Silk production in the Margilan city dates back to the 10th century. The city was famous for great masters – craftsmen of silk fabrics such as adras, ikat, khan-atlas, and many others. Gorgeous silk, manufactured in the city and its surroundings, was exported to Europe and the East along the ancient Great Silk Road routes into Baghdad, Kashgar, Khurasan, Egypt, and Greece. Yet today Margilan considers as the silk capital of Uzbekistan. It produces the famous khan-atlas, woven and dyed by hand under old-fashioned technology. 

The secret to Uzbek silk cultivation is to have both silkworms and mulberry trees, preferably the white mulberry, which is the only food the silkworms, or more accurately, what the silk butterfly caterpillars will eat. They are essentially mulberry leaf-eating machines. When the caterpillars are fully grown, they produce a cocoon by extruding silk from their bodies.

margilan ikat, atlas handmade production
margilan silk production handmade

Margilan silk workshops

Margilan is an Ubek town and the center of Uzbekistan’s silk-producing industry locater right next to beg city of Fergana and about a 1-hour drive from Kokand. Margilan is an excellent town to observe the art of spinning and winding and dyeing and weaving silk by hand is a fascinating, unique experience. Over one thousand years of silk-producing history have shaped the “ikat” style Margilan is renowned for. From traditional bright colors to color combinations of the latest fashion, you will find something to suit every taste.

Visit one of the private homes and small enterprises, where you can be guided by the host and they will show you everything. From one workshop toom to another workshop you can see the entire process, from the unraveling of the pure white silk thread of the cocoons to the abr, and the tying and dying to the final weaving into amazingly and miraculously patterned fabrics.

silk production workshop protecting white lines
margilan silk production handmade colouring process

Ikat, Adras

The most popular method of Uzbek silk weaving is ikat or ikkat. Ikat is a Malay-Indonesian term for cloth which is patterned by dyeing the threads before it has been woven. In Uzbek, the term is used as a brand, literally “to tie a cloud”. Fabric made in such a way using silk for warp and cotton threads for weft is called adras.
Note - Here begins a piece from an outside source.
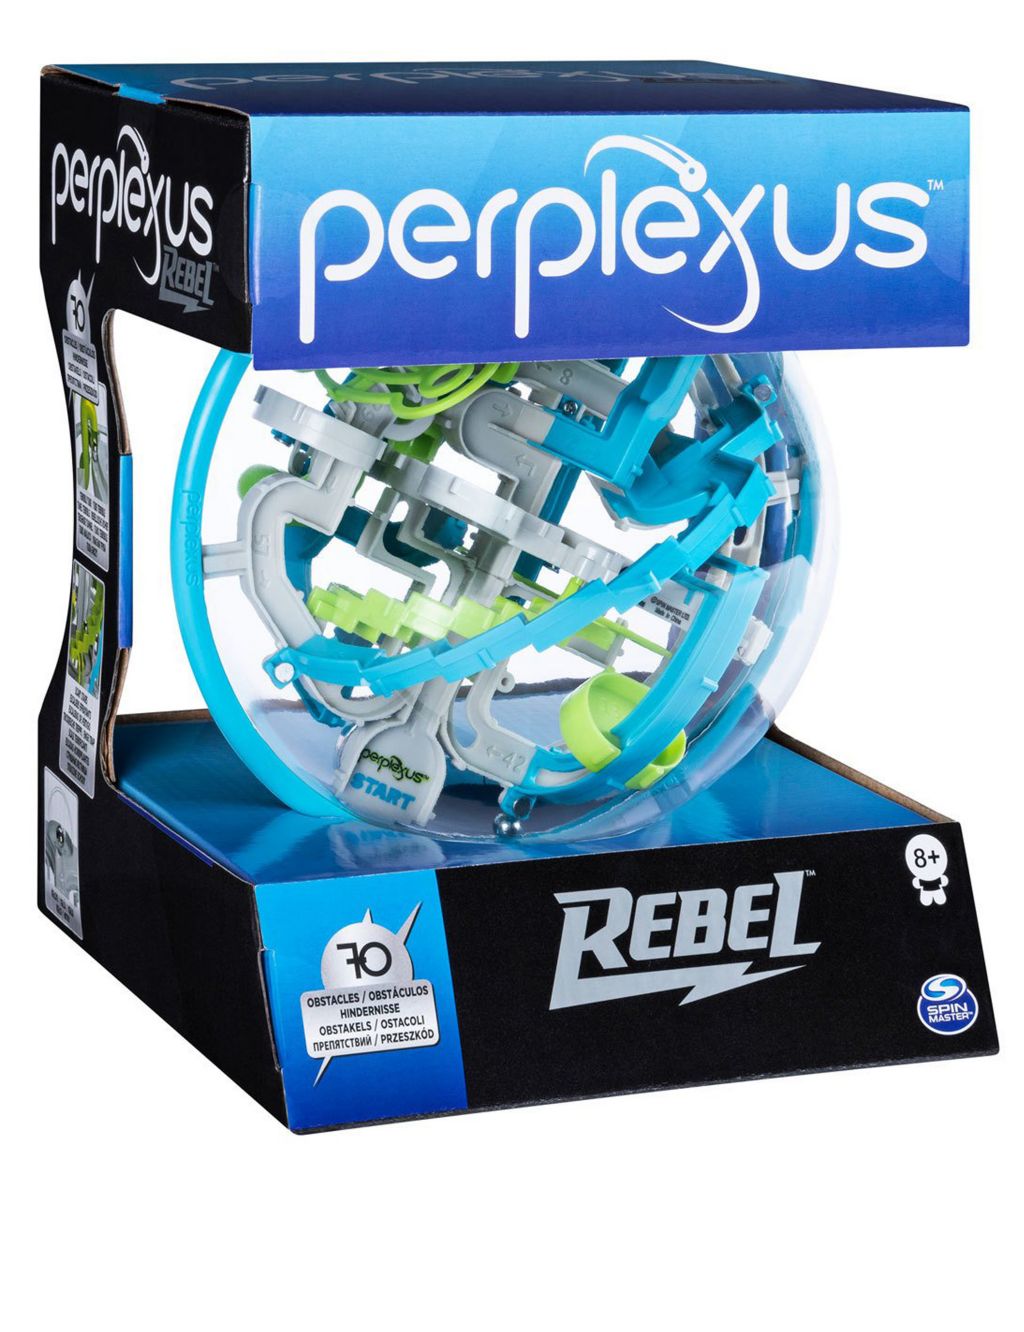 Perplexus Rebel (8+ Yrs) image 2

Adras was forgotten during the Soviet time of Uzbek history. 

drawing the patterns
colouring the silk in workshop

The process of obtaining silk

There are several steps processed, which are all done by hand: boiling the cocoons of the silkworms and extracting the silk thread, spinning and dyeing the silk, using vegetable dyes and sometimes crushed minerals, and lastly weaving the colorful ikat fabric on traditional looms.

In the workshop we visited, the host explained to us the drawing process, covering with rolling tape and dyeing method. Normally the boys are studying here and learning from the experienced masters.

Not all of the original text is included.